C. The kettle is not of satisfactory quality under the Sale of Goods Act 1979.
D. The kettle is not fit for particular purpose under the Supply of Goods (Implied Terms) Act 1973.
E. The kettle is not of satisfactory quality under the Supply of Goods and Services Act 1982.
C - The kettle is not of satisfactory quality under the Sale of Goods Act 1979.
A landscaper contracts with a building merchant for the supply of resin. At the time of sale, the landscaper told the building merchant that it required the resin to create a road surface for a client’s heavy agricultural vehicles. The building merchant supplies resin that is only suitable for light domestic vehicles and it cracks when it is first driven on by a large agricultural vehicle.
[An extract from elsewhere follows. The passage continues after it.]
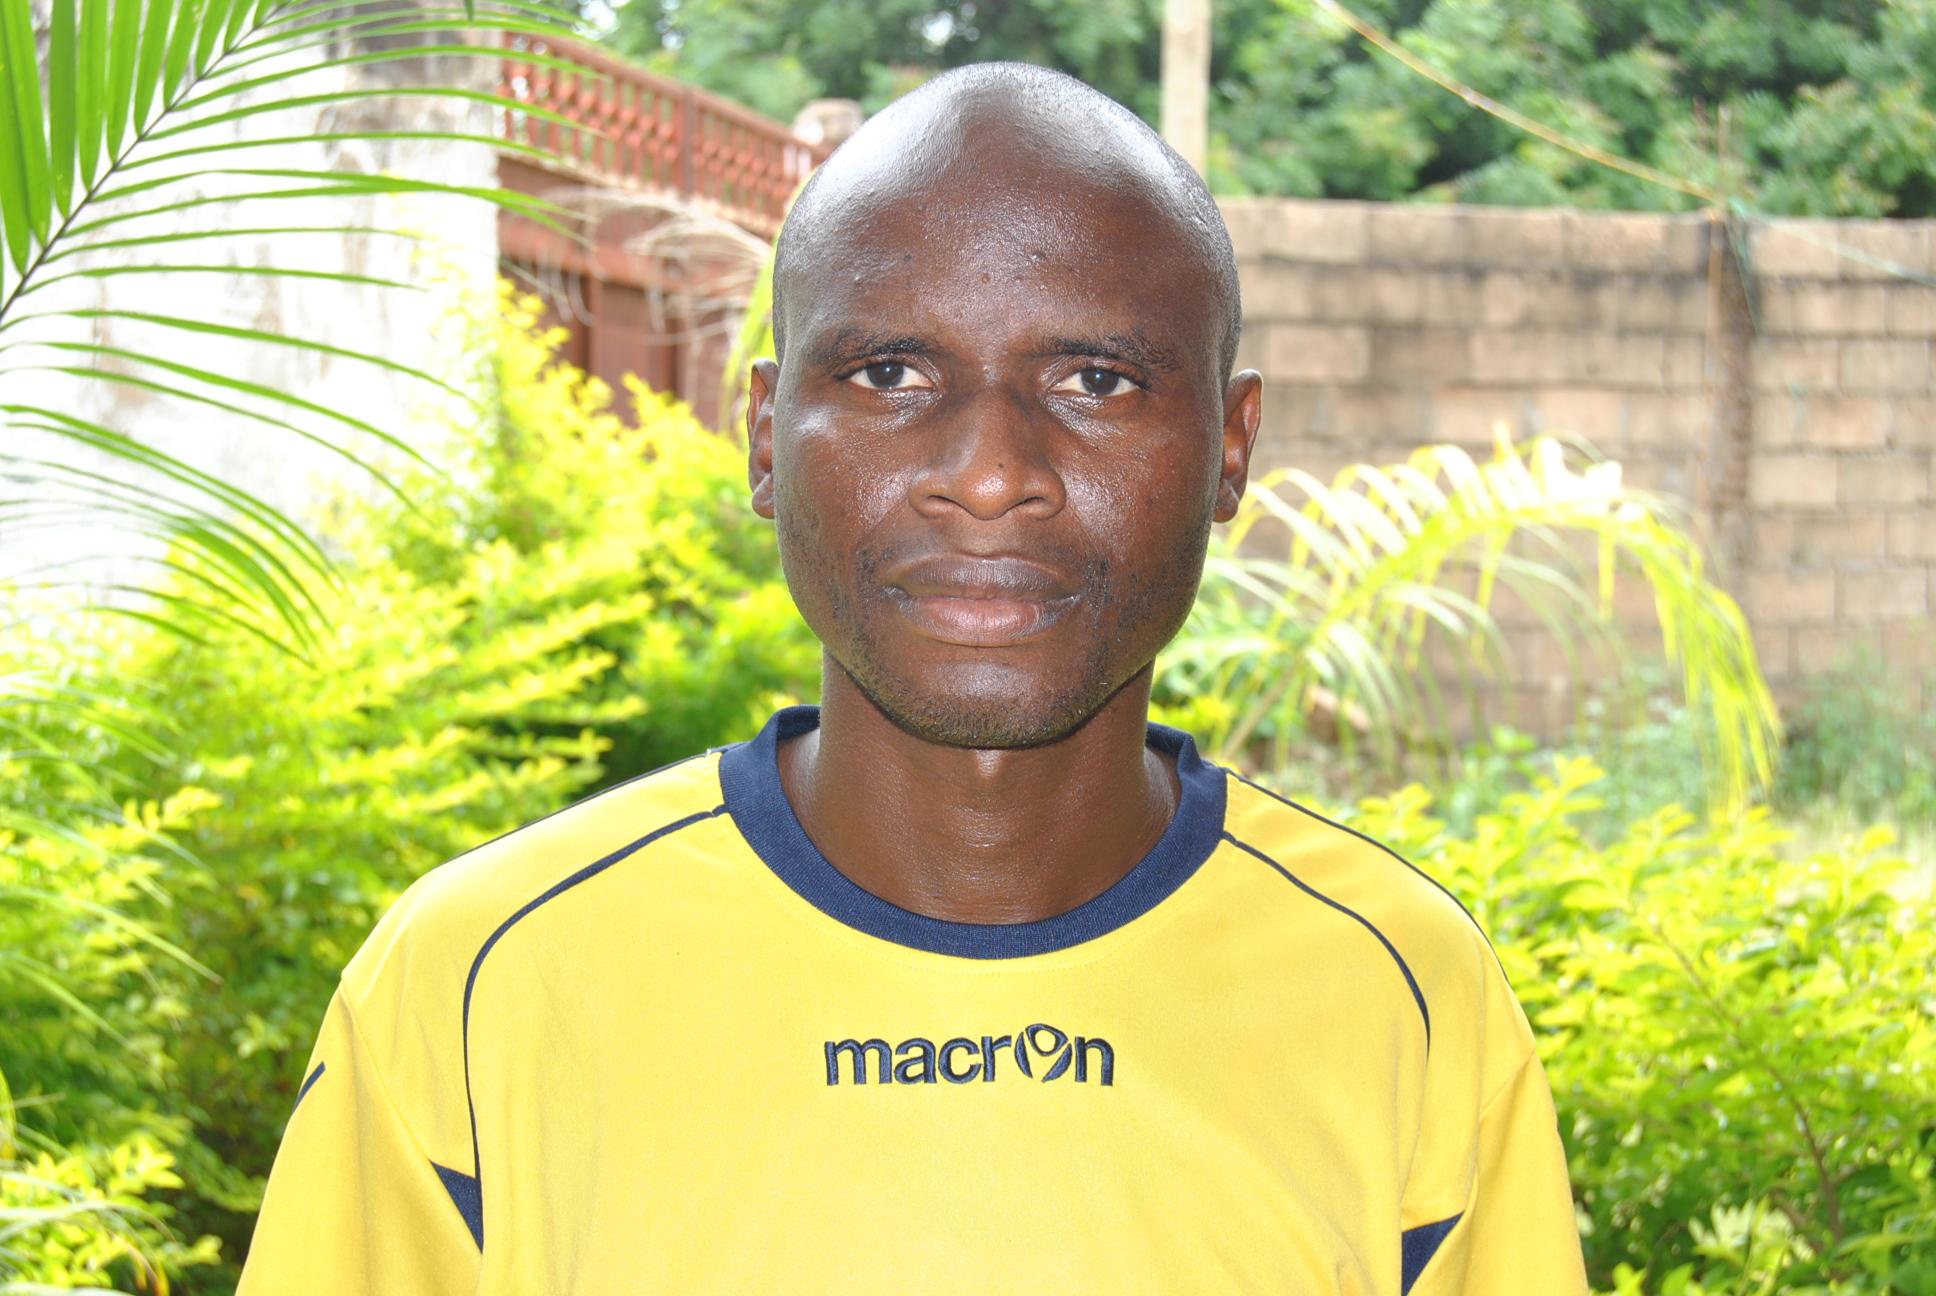 Técnico de futebol, Benelívio Cabral Nancassa Insali

Which of the following best explains whether the landscaper has a remedy under the Sale of Goods Act 1979?
Select one alternative:
Yes, because the resin does not correspond with the building merchant’s description.
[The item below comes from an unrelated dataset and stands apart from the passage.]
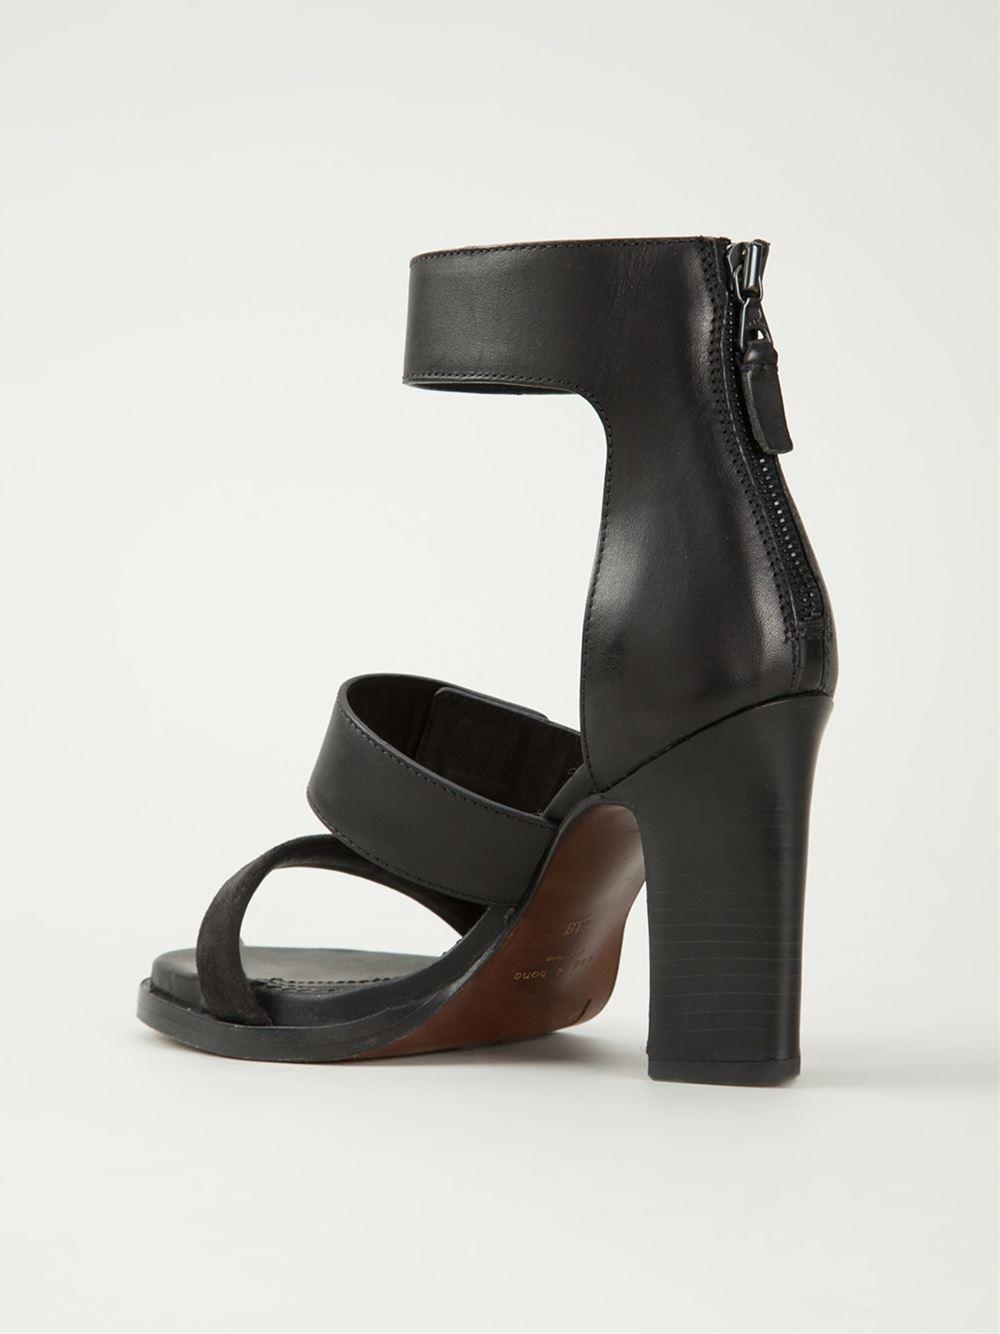 Rag Amp Bone Block Heel Leather Sandals In Black Lyst

Yes, the resin was not fit for the particular purpose made known by the landscaper.
Yes, the resin is not of satisfactory quality or fit for the particular purpose made known by the landscaper.
No, there is no breach. Satisfactory quality is assessed by the standard the reasonable person would expect.
Yes, the resin was not of satisfactory quality as it was not fit for all purposes for which resin is commonly supplied.
Yes, the resin was not fit for the particular purpose made known by the landscaper.
This is a contract law question on the topic of terms of a contract, specifically the Sale of Goods Act 1979. The landscaper has made known a particular purpose for which the resin is being bought. Where the seller sells goods in the course of a business and the buyer expressly (or impliedly) makes know to the seller a particular purpose for which the goods are being bought, there is an implied term that they are fit for that purpose. This term is breached as the contractor has supplied resin that is not suitable for this purpose and cracks when used for this purpose. The resin is not sold by description. There is no indication that it is not of satisfactory quality if used for its intended purpose by light domestic vehicles.